Voice RAG

Using NoSQL API? Please refer to our our related guide on creating an AI Assistant powered by Azure OpenAI services integrated with Azure Cosmos DB Core (NoSQL) API. Learn how to leverage Azure Cosmos DB's flexible schema, powerful querying capabilities, and global distribution while building intelligent conversational experiences.
Voice RAG: Real-time intelligent communication between human and AI, utilizing human-like voices for seamless interactions.
Real-time AI Assistant: Delivers intelligent responses on your own data instantly by using Azure OpenAI services, seamlessly integrated with Azure Cosmos DB for MongoDB.
Microsoft and Cazton: We work closely with OpenAI, Azure OpenAI and many other Microsoft teams. Thanks to Microsoft for providing us very early access to critical technologies. We are fortunate to have been working on GPT-3 since 2020, a couple years before ChatGPT was launched.
Top clients: At Cazton, we help Fortune 500, large, mid-size and startup companies with Big Data, AI and ML, GenAI, OpenAI and open source AI models, custom software development, deployment (MLOps), consulting, recruiting services and hands-on training services. Our clients include Microsoft, Broadcom, Thomson Reuters, Bank of America, Macquarie, Dell and more.

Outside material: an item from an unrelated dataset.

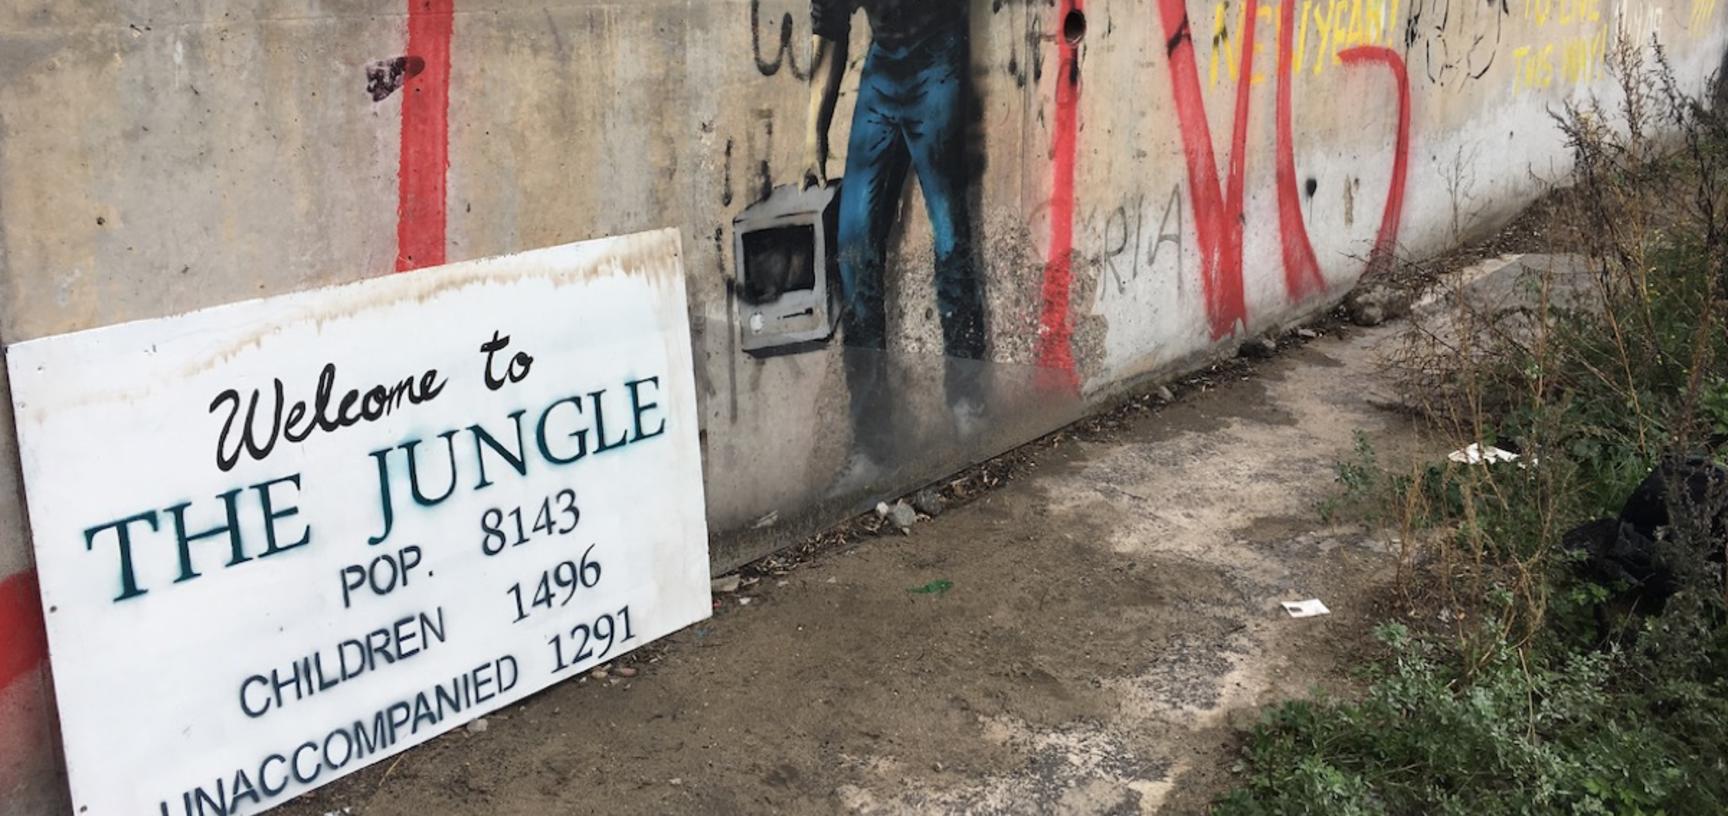 Wall with graffiti and a sign on the floor: Welcome to the Jungle. Pop: 8143, Children: 1496; unaccompanied: 1291.
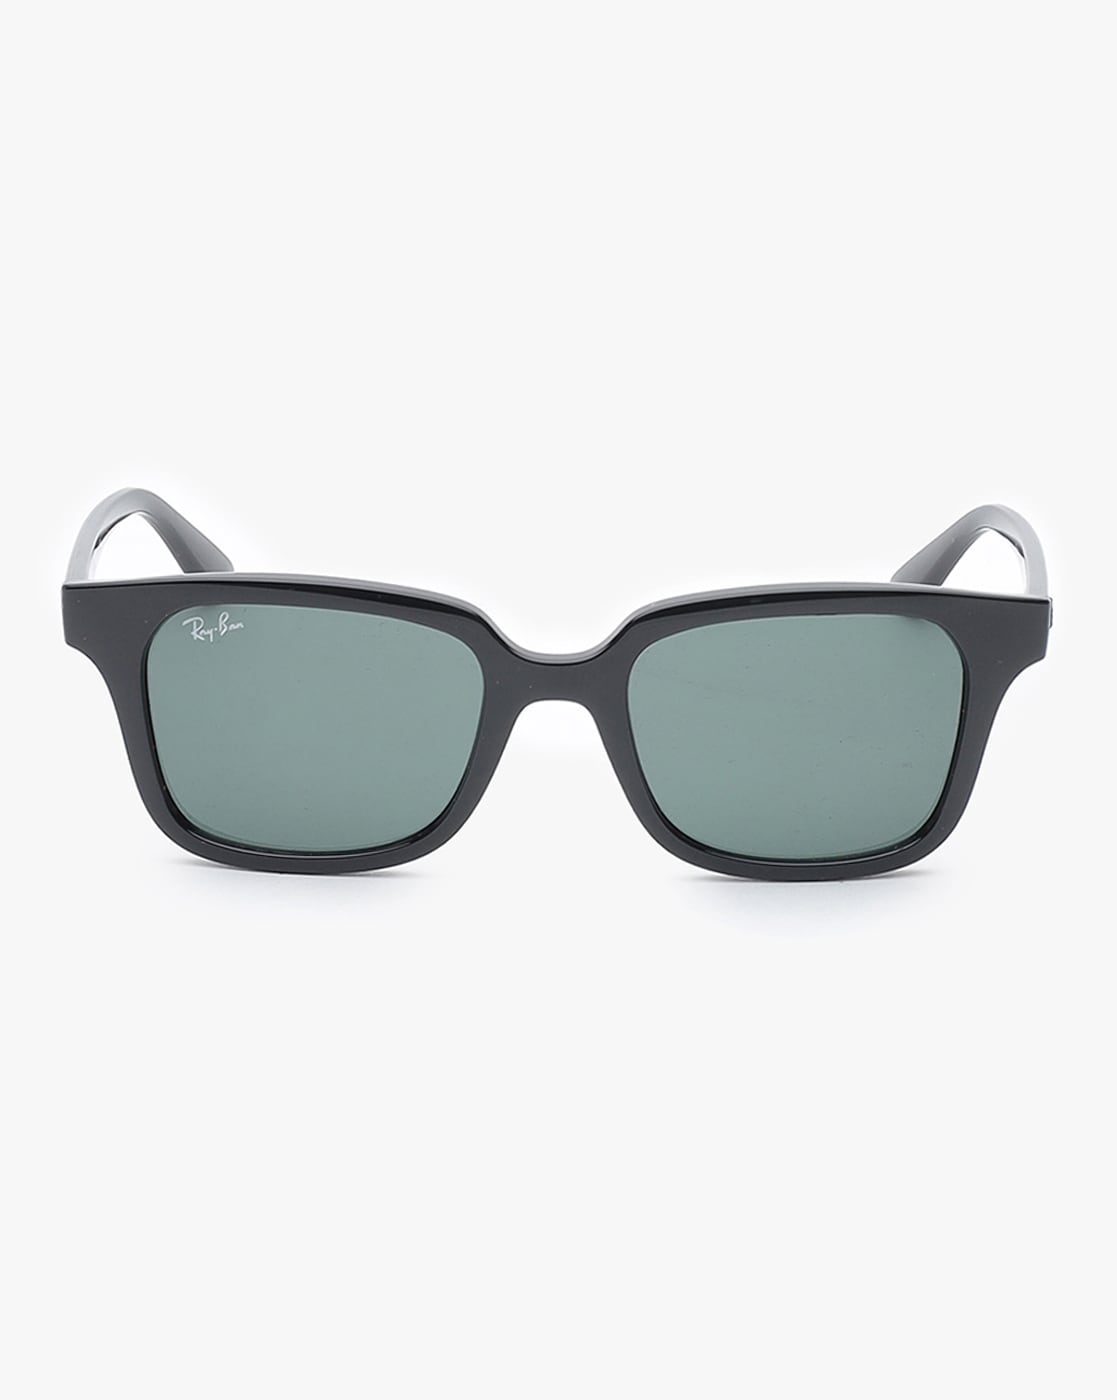 Buy Black Sunglasses for Boys by Ray Ban Online

We are excited to announce the open-sourcing of our Real-Time AI Assistant, leveraging Azure OpenAI GPT-4o Realtime API and Cosmos DB for rapid data queries and intelligent, real-time interactions. By building on Microsoft’s original framework, we’ve adapted the solution to use Azure Cosmos DB for MongoDB instead of Azure AI Search, ensuring optimized data management and retrieval.

Our solution integrates human-like AI voice responses, allowing users to interact naturally using voice commands. This release includes both the source code and a video demo, showcasing how the assistant provides real-time answers to spoken queries with AI-generated speech.

This embedded video showcases the AI assistant in action, featuring:

Voice-based conversations between a user and the AI assistant.
AI-generated responses that sound remarkably human.
Real-time query execution with results retrieved from Cosmos DB.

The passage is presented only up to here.